¹⁸F-FDG-PET Detects Drastic Changes in Brain Metabolism in the Tg4–42 Model of Alzheimer’s Disease
Caroline Bouter¹, Philipp Henniges², Timon N. Franke², Caroline Irwin², Carsten Oliver Sahlmann¹, Marius E. Sichler², Nicola Beindorff³, Thomas A. Bayer² and Yvonne Bouter^2
1Department of Nuclear Medicine, University Medical Center Göttingen (UMG), Georg-August-University, Göttingen, Germany
²Division of Molecular Psychiatry, Department of Psychiatry and Psychotherapy, University Medical Center Göttingen (UMG), Georg-August-University, Göttingen, Germany
³Berlin Experimental Radionuclide Imaging Center (BERIC), Charité—University Medicine Berlin, Berlin, Germany

https://doi.org/10.3389/fnagi.2018.00425

Summary
The authors have used one of the latest mouse Alzheimer’s Disease (AD) models (Tg4-42 transgenic mutation, which overexpresses the Ab4-42 peptide, which is truncated on the N-terminal region, causing neurotoxicity and Ab aggregation, which are similar to AD). As the AD patients show altered glucose metabolism, the authors chose to follow it with the most common radiopharmaceutical used in PET, namely ¹⁸F-FDG, and how it can be used together with the MRI as an early biomarker for AD.
They have found that Tg4-42 mice show a reduction of glucose-metabolism, which correlates with their age, and the decreased 18F-FDG uptake can be shown in early age (3 months).

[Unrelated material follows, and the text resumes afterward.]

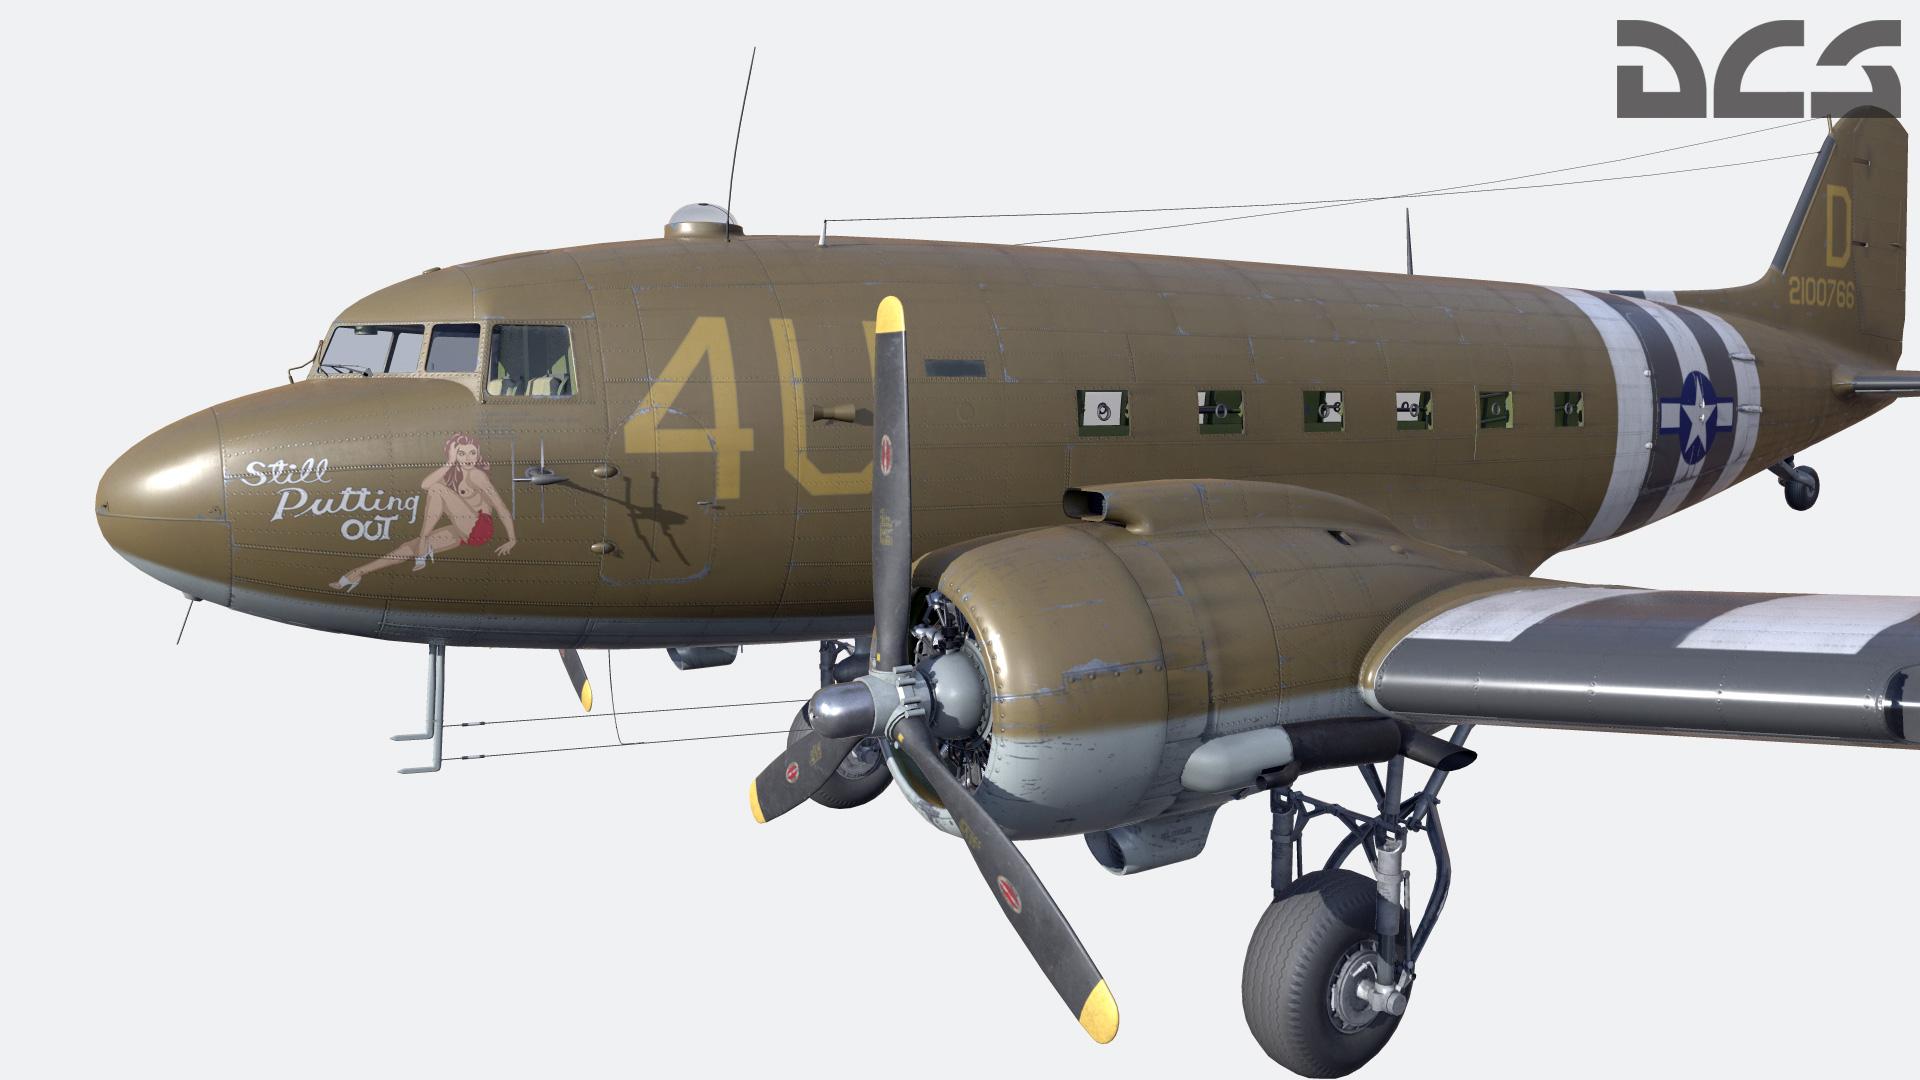 C-47-01

Results from nanoScan PET/MRI 1T
For the PET/MRI studies, the authors have used a nanoScan PET/MRI 1T, which could provide a fast measurement method together with good statistics. Young (3-4 months) and aged (7-8 months) Tg4-42 (n=7, female) and aged WT C57Bl/6J (7-8 months, n=5, female) control mice were used in this study. The authors have followed the standard ¹⁸F-FDG PET/MRI protocol, as the mice were fasted overnight, and 9-21 MBq activity was injected into the tail vein, with a 45 minute long uptake period.
The PET scans were performed for 20 minutes , which was followed by a Tera-Tomo 3D reconstruction method with a 0.3 mm³. For the MRI, the authors have used GRE sequence as a material map for attenuation and scatter correction in the PET reconstruction, and as a brain atlas. The analysis was performed with PMOD software.

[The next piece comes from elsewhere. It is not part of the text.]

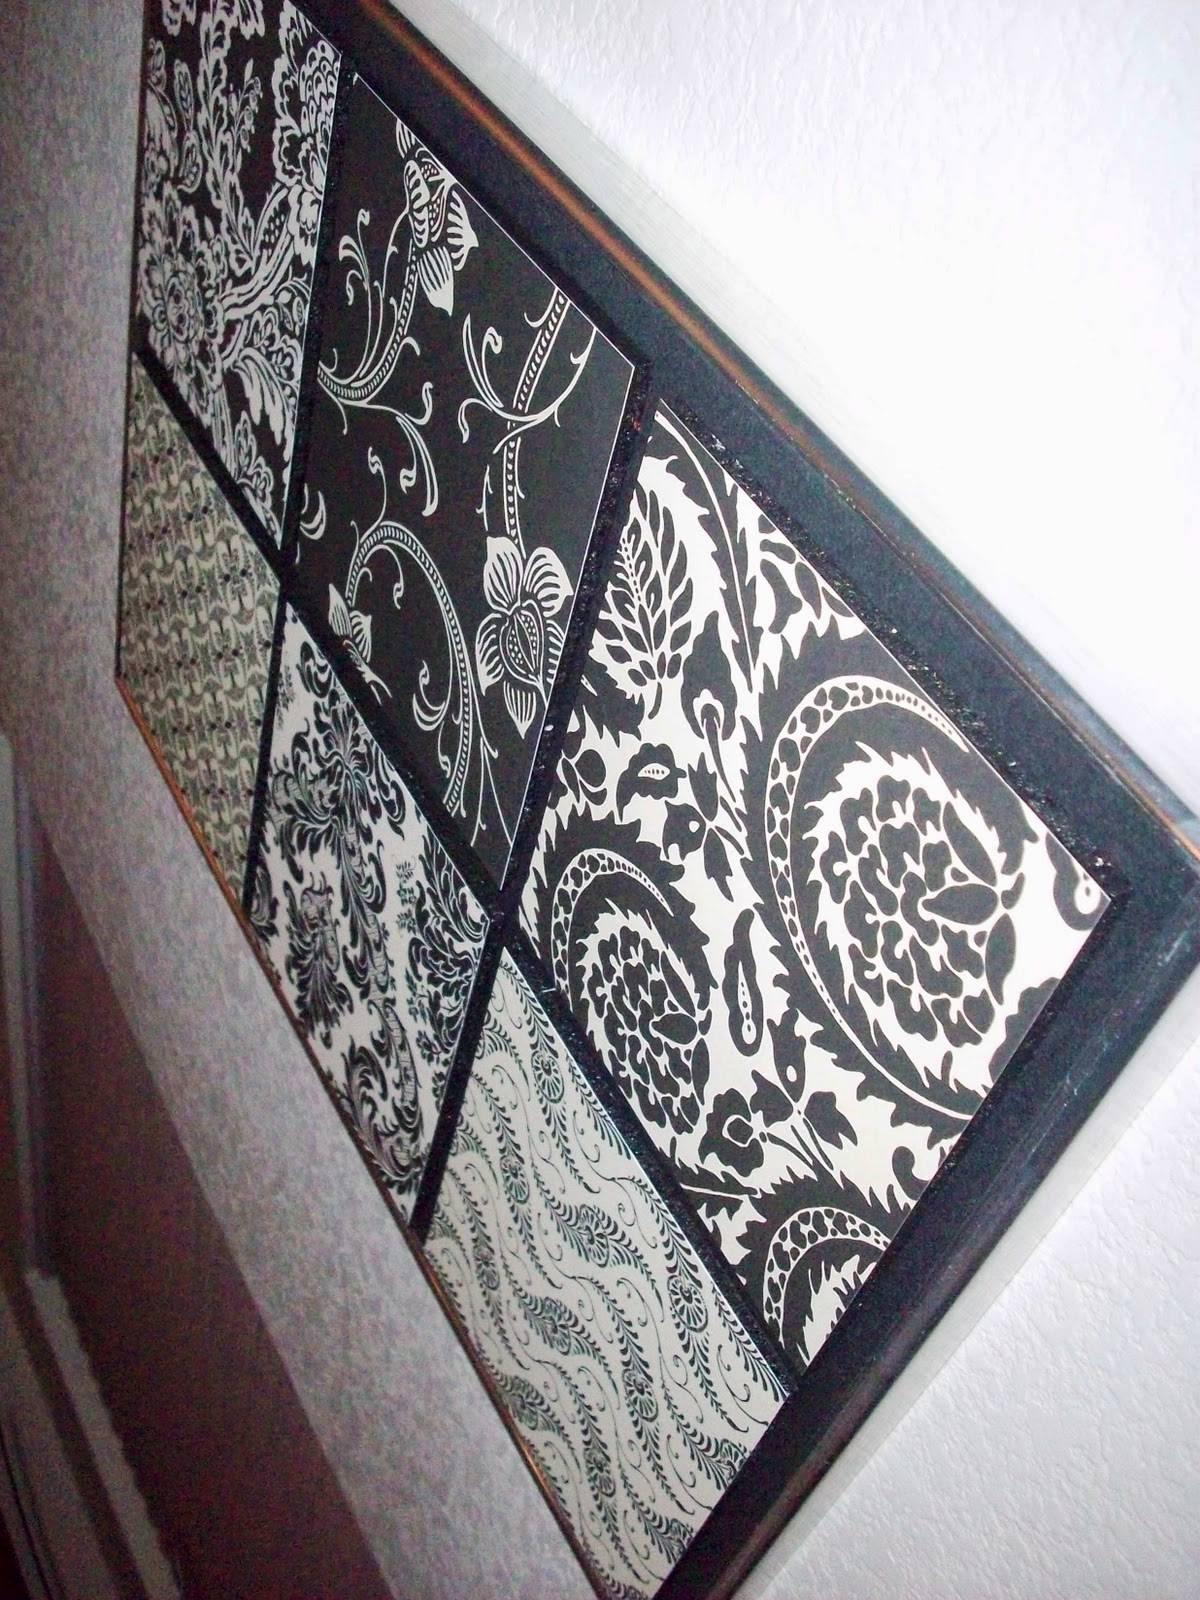 Scrapbook Paper 3D Wall Art Inside Most Current 3D Paper Wall Art (View 22 of 25)

Figure 3. shows the main results from the PET/MRI acquisitions: a-c) MRI images were matched with predefined brain regions; axial, coronal and sagittal view. d-f) ¹⁸F-FDG-PET images of a WT mouse. g-i) 18F-FDG-PET images of a young Tg4–42 mouse. j-l) 18F-FDG-PET images of an aged Tg4–42 mouse. A, Amygdala; Bs, Brain Stem; C, Cortex; Cb, Cerebellum; H, Hypothalamus; Hc, Hippocampus; Hg, Harderian glands; M, Midbrain; O, Olfactory Bulb; S, Septum/Basal Forebrain; St, Striatum; T, Thalamus.

• These results suggest that ¹⁸F-FDG uptake was distinctly lower in aged Tg4–42 mice compared to WT mice. In young Tg4–42 mice 18F-FDG the uptake did not show significant differences in whole brain uptake but it was reduced in the hippocampus, forebrain, hypothalamus, amygdala and midbrain.
  
• The study showed that Tg4-42 can be a useful AD model to monitor the effects of various therapeutic strategies in vivo using ¹⁸F-FDG uptake as a therapeutic readout.